Раньше все элиты (монархи, диктаторы и вожди) держали деньги «на черный день» в одной Швейцарии и отдыхали/лечились в одной Ницце (вариант, Баден-Бадене), при этом цепко контролируя свой национально-территориальный домен. Сегодня мы видим взрывной рост территорий «порто-франко»: растет число юридических анклавов, всякого рода оффшоров и особых территорий-курортов, обслуживающих образ жизни «новой элиты». Элиты, отказавшейся от своей традиционной оседлой роли и перешедшей в разряд кочующего «верхнего среднего класса».
Впрочем, было бы несправедливо сводить типологический прообраз «непризнанных государств» к шмиттовским фигурам «пирата» или «контрабандиста». В не меньшей степени, мы можем воспринять их как «партизанские» республики. От обычного разбойника или «нейтрального контрабандиста» «партизана» отличает опять же, по Шмитту, «интенсивная политическая ангажированность». «Партизан, пишет Шмитт, имеет врага и «рискует» совсем в ином смысле, чем нарушитель блокады и провозчик контрабанды. Он рискует не только своей жизнью, как любой регулярный участник войны, но и территорией».
Исторический опыт показывает, что государственность непризнанных территориальных образований может быть обеспечена лишь на основе добровольного «самозакрепощения» местных элит и их союза с массами, ощущающими свою неразрывную связь с территорией. Как поразительно точно сказал в телеинтервью один житель Аджарии: «Они, все эти абашидзе, могут жить и здесь, и там, а мы только тут».

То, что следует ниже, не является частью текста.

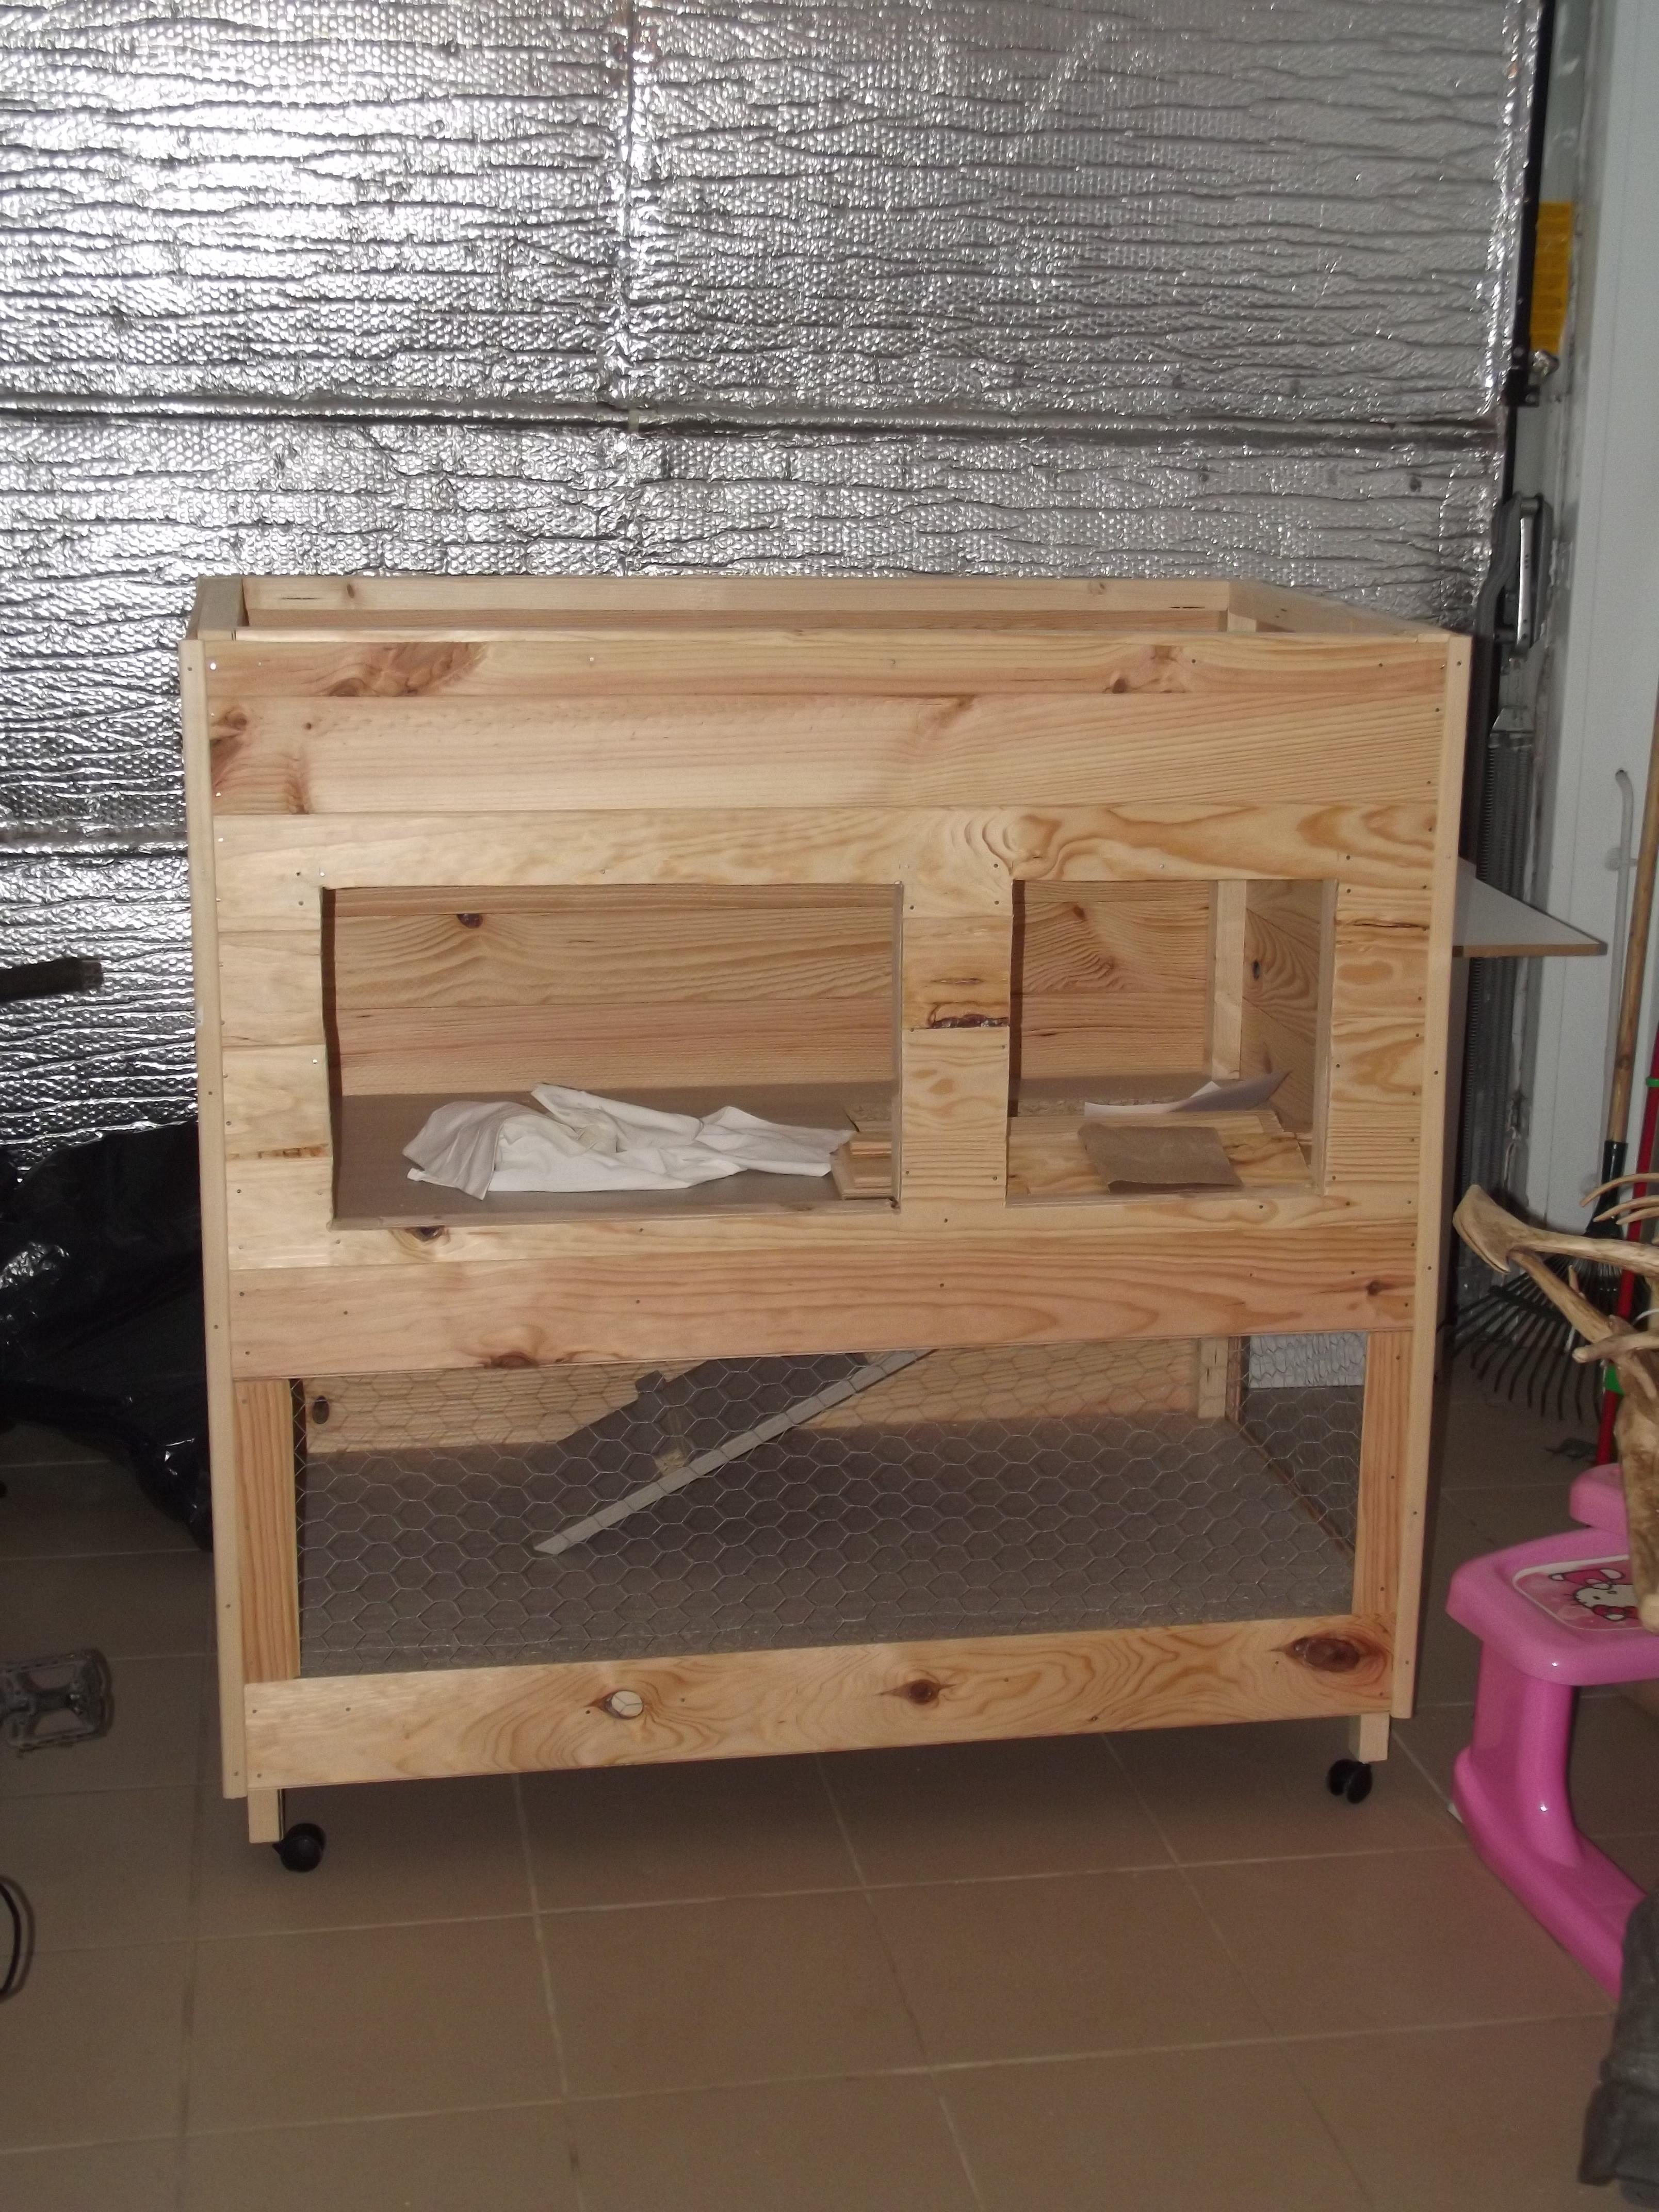 Clapier etape 4 petit bisous milka leretour photos for Construire une cage a lapin exterieur

Вот это интенсивное отношение к своей территории и государствености, как к невосполнимой потере, является важным критерием для определения будущего «непризнанных государств». Наибольший шанс на формирование устойчивой самоидентичности имеют те непризнанные образования, которые перешагнули через кровь войны за самоопределение. Поэтому партизанские республики, где вожди и масса, испытали единство судьбы, иногда могут становиться независимыми государствами, а пиратские республики никогда. Все оффшоры рано или поздно закрываются, или им находят более выгодную замену для снижения издержек. А курорты пустеют на «мертвый сезон» или просто навсегда выходят из моды.